Five days of acceleration

Monday began with the acceleration of a RipStik from a velocity of zero meters per second to roughly 2.5 meters per second nine meters later.

030 Constant Acceleration
time (s)distance (m)time (s)velocity (m/s)acc (m/s²)
000.000.000.45
1.3411.340.750.56
2.1322.131.270.66
2.7932.791.520.38
3.8453.841.900.37
4.6774.672.410.61
5.4795.472.500.11

As I chose to do last term, I had three timers timing splits at one, two, three, five, seven, and nine meters.


I made two runs. The Desmos screenshot would be the basis of a handout for use on Wednesday.


Wednesday I began with the introduction of the concept of a slope and y-intercept for a quadratic. Again this term the class did not know that quadratics have slopes and intercepts. After developing out the full motion equation I noted that the above image shows only one leg of a parabola - hardly convincing of what the curve should do on the left side of the graph. 


I then took the class outside to demonstrate the full parabolic shape of the curve.


I used preset marks at 3, 6, and 9 meters uphill towards the LRC. To time the vertex (apex) I put a midline on the sidewalk visible in the image above. I asked the timers to time that crossing while Chastity marked the crossing point with a piece of coral after I crossed the midline. The vertex remains problematic, but otherwise a parabolic curve arguably well fits the data. A vertext at 10 meters would fit better, but data is data. Using the equation (done in the field on Desmos) I could compare my acceleration on Wednesday with the two I obtained on Monday. The students had a handout of the equation from Monday to consult. I could also compare my initial velocity of 3.1 m/s to the 1.53 m/s linear velocity run on the Monday a week and half ago.


I led off lab with the dropping of a plastic and metal ball to demonstrate that the rate of fall is independent of weight. I used this to frame the work of the lab. Is the fall rate constant once it gets under way? Constant velocity? Or changing velocity? And if changing, is the rate of change constant?
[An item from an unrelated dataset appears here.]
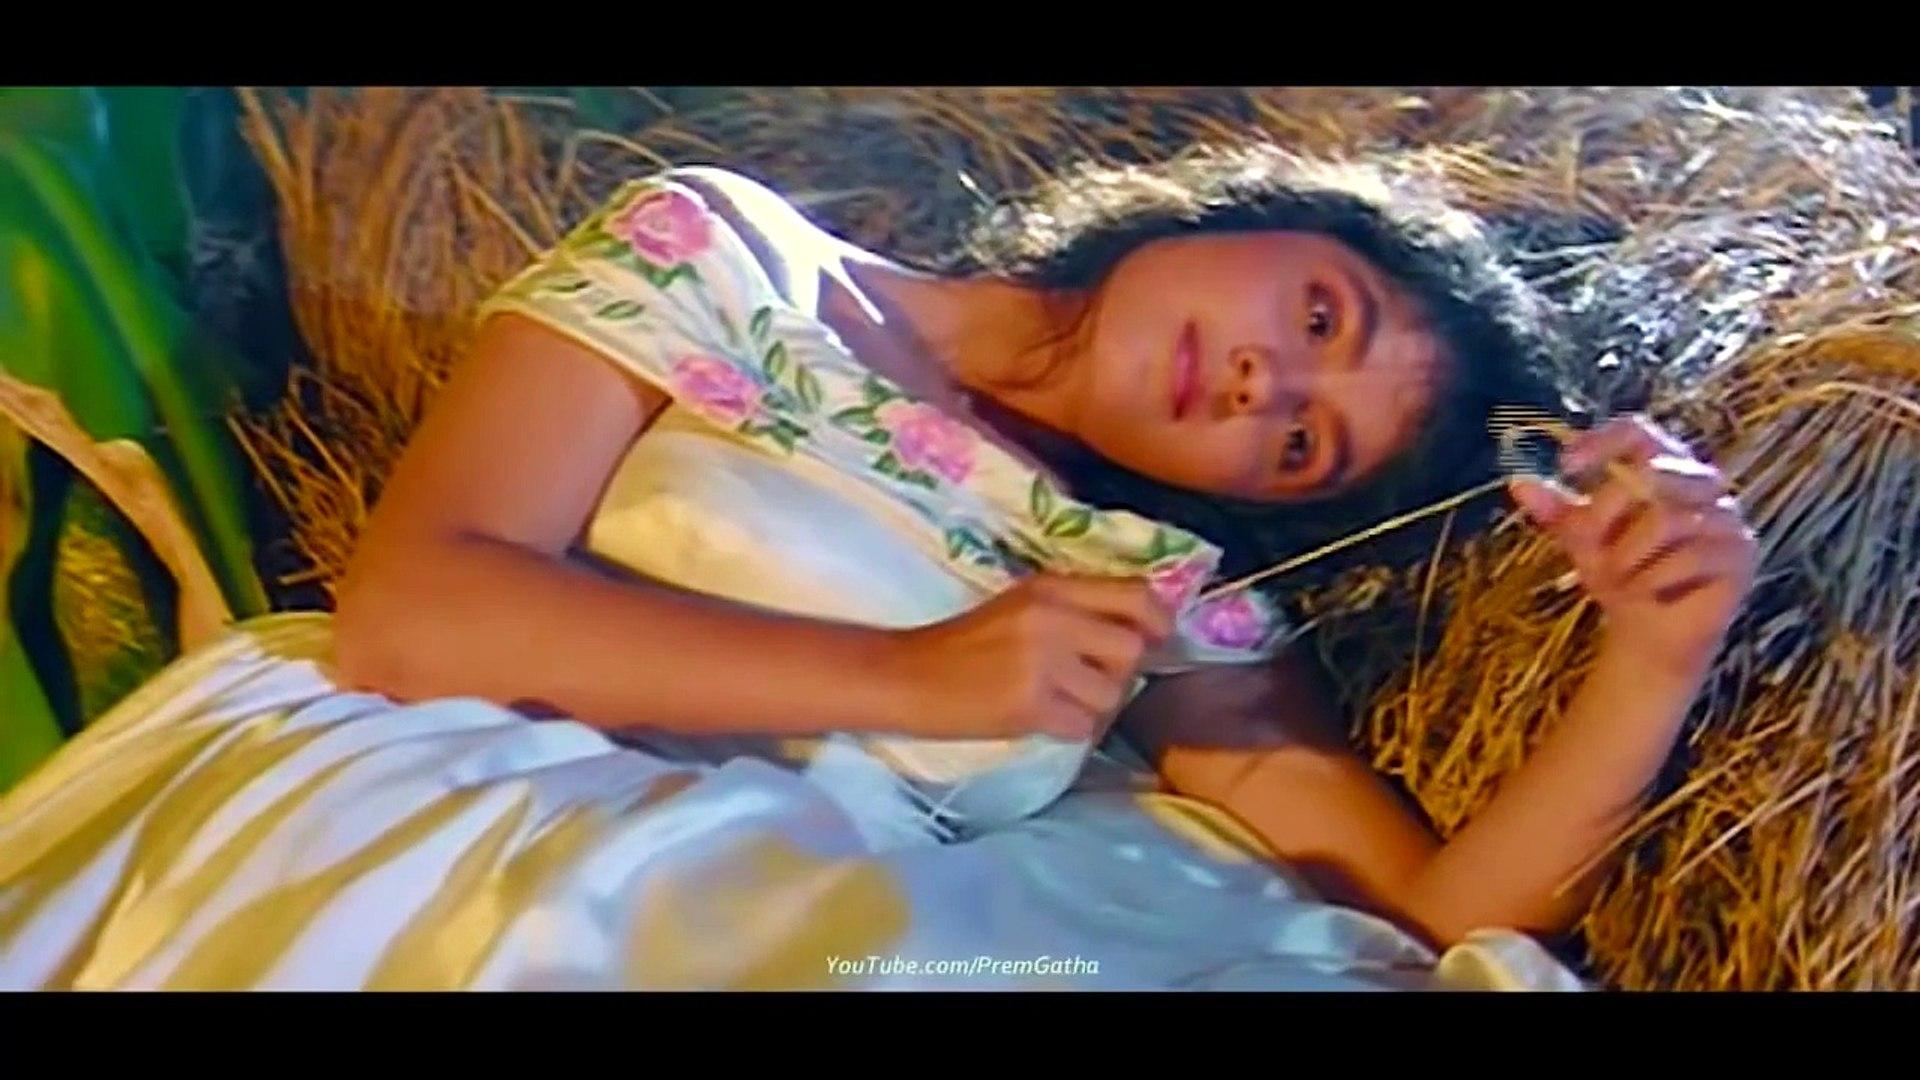 Dil Hai Ki Manta Nahin - Title Song (720p HD Song)

If the rate of change of velocity is constant, then that rate of change is a constant acceleration. Which we could call the acceleration of gravity.


 Masabua holds the meter sticks for Jesse.
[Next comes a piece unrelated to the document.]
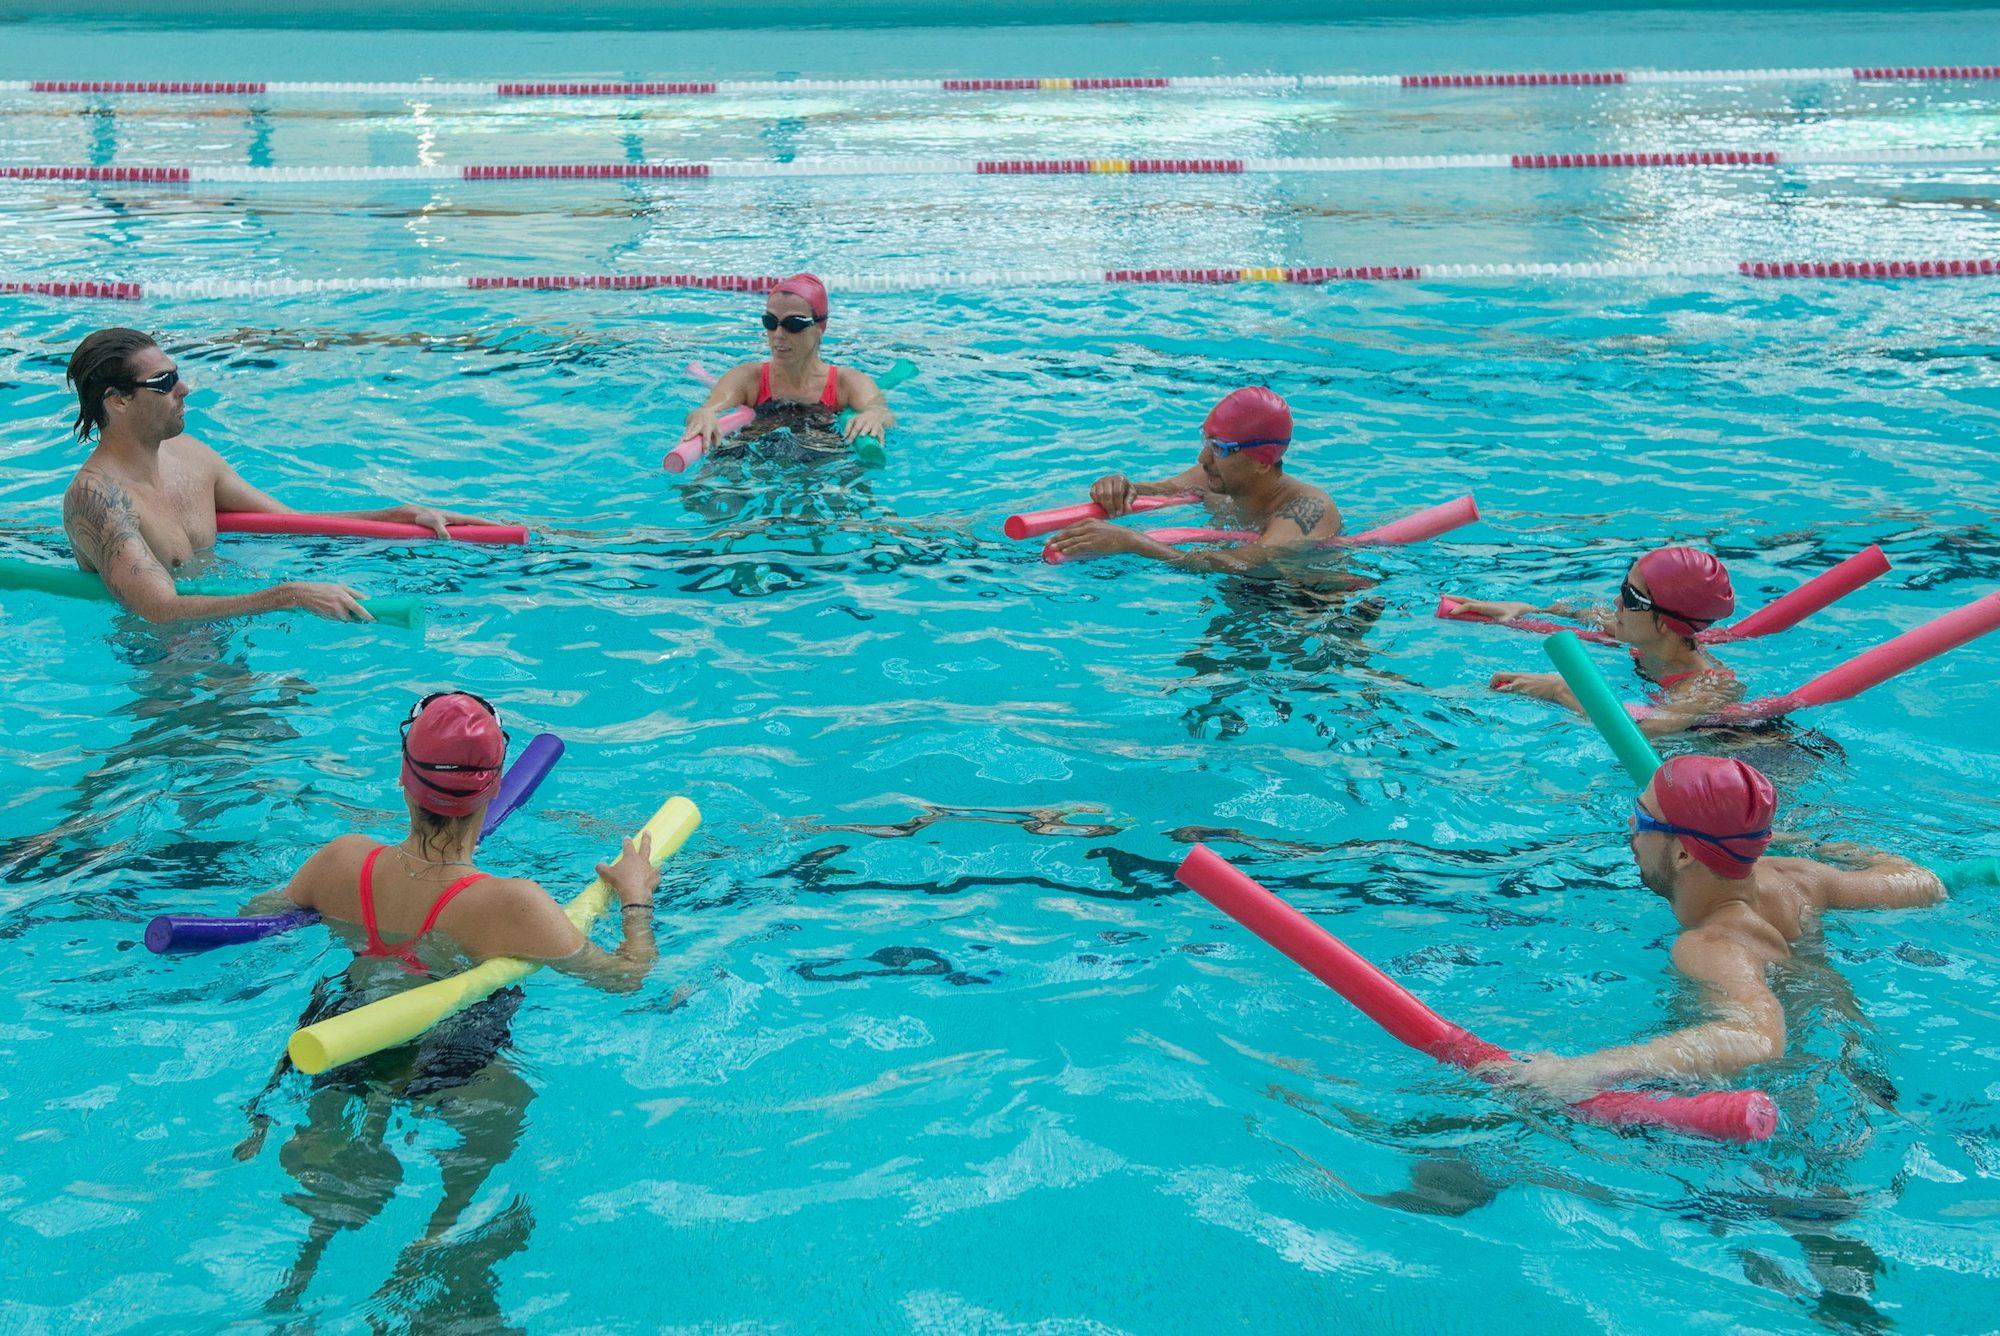 Speedo Futura Biofuse : enfin des lunettes de piscine confortables !

Mayson and Sheeron work on the two meter drop


Four and five meters from outside on a sunny day


Data from the laboratory along with the regression to determine g. Desmos makes this part of the laboratory run smoothly. The value of g is directly displayed.

On Friday, having already seen that once again some lab introductions betrayed confusion, I led with a restatement of the intent of the laboratory.


This allowed me to segue from data generates shapes on graphs and those shapes imply mathematical equations or models to shapes can directly lead to equations.



I had the class trace the arc of a tennis balls, six balls, six arcs to be precise.




I then added coordinates to three of the six and asked the students to form groups and work out what the equation was for one of the three arcs. The students chose their own groups and group size, the students also chose which graph to work on.

Praislyn, Jessie, Chastity, Caslyn, Patricia, Kiokalani discussing options

Monday I determined that only three groups had an equation that provided a useful starting place. for a class examination. Two of the groups, however, were spot on - they had equations of the correct form that well matched the data. There was no need to construct our way to a working equation, two were numerically correct. Both were derived from trial and error in Desmos. Given this, I went ahead and led the class through the logic of the equation and showed that the theoretically derived equation was equivalent to the two equations which were found by trial and error using Desmos. This activity still went well, and segues moderately well into the Wednesday banana leaf marble ramp.